Today, there is over $19 billion worth of tether in circulation. While tether is the biggest and the oldest stablecoin, there are more than 40 stablecoins trading, many being pegged to different sovereign currencies or gold, silver and special drawing rights (SDR).

The popularity of tether gave rise to other stablecoins, which derive backing from various things. DAI, is a stablecoin issued by MakerDAO. It is the first-ever project to introduce “decentralised finance”. This means lending, borrowing and all the banking services can be performed without the need of an actual bank.

The biggest competitor to tether is USDC, which is issued by Circle.com. The issuer claims that USDC is issued by regulated financial institutions and is backed by the US dollar in segregated bank accounts, and unlike USDT, also undergoes frequent and public audits to maintain its integrity. This could increase USDC’s popularity over USDT with the recent introduction of STABLE ACT, a bill introduced in the US that would require stablecoin issuers to acquire banking charters, approval from the US Federal Reserve and hold Federal Deposit Insurance Corporation’s (FDIC) insurance.

An interesting use of stablecoins coming outside the crypto world is for cross-border purchase of goods and services. Many websites are now accepting stablecoins. These vary from online shopping to dating and gambling.
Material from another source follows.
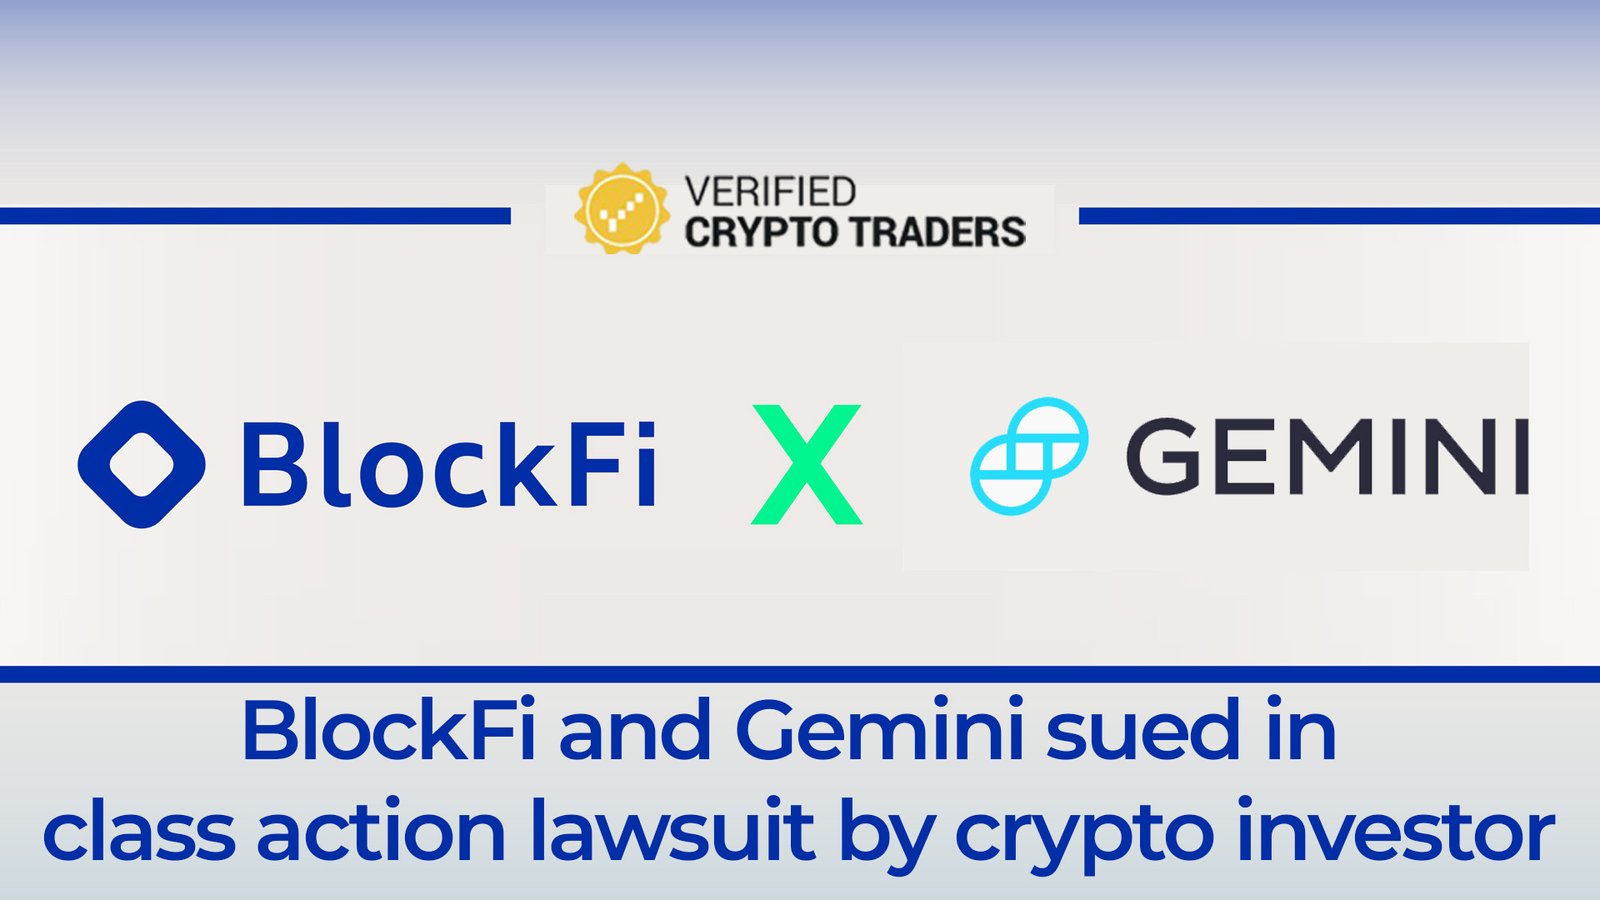 Investor Files Class-Action Complaint Against BlockFi and Gemini for Selling Unregistered Securities

Similar is the expected use of stablecoin from Facebook, Diem (formerly known as Libra), which is slated to be launched in the first or second quarter next year.

At least we can say safely that the USDT has changed the way we look at cryptocurrencies, ecommerce, payments, banking and even sovereign currencies.

As of writing this article, stablecoins’ market capitalization was at $26.5 billion and growing.